▸ TASK
Reproduce the listing that follows with no differences at all.

▸ SOURCE MATERIAL
- - - - -

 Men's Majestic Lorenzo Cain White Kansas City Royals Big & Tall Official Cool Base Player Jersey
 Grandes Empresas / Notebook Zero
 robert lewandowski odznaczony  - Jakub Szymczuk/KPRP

- - - - -

▸ TASK OUTPUT
 Men's Majestic Lorenzo Cain White Kansas City Royals Big & Tall Official Cool Base Player Jersey
 Grandes Empresas / Notebook Zero
 robert lewandowski odznaczony  - Jakub Szymczuk/KPRP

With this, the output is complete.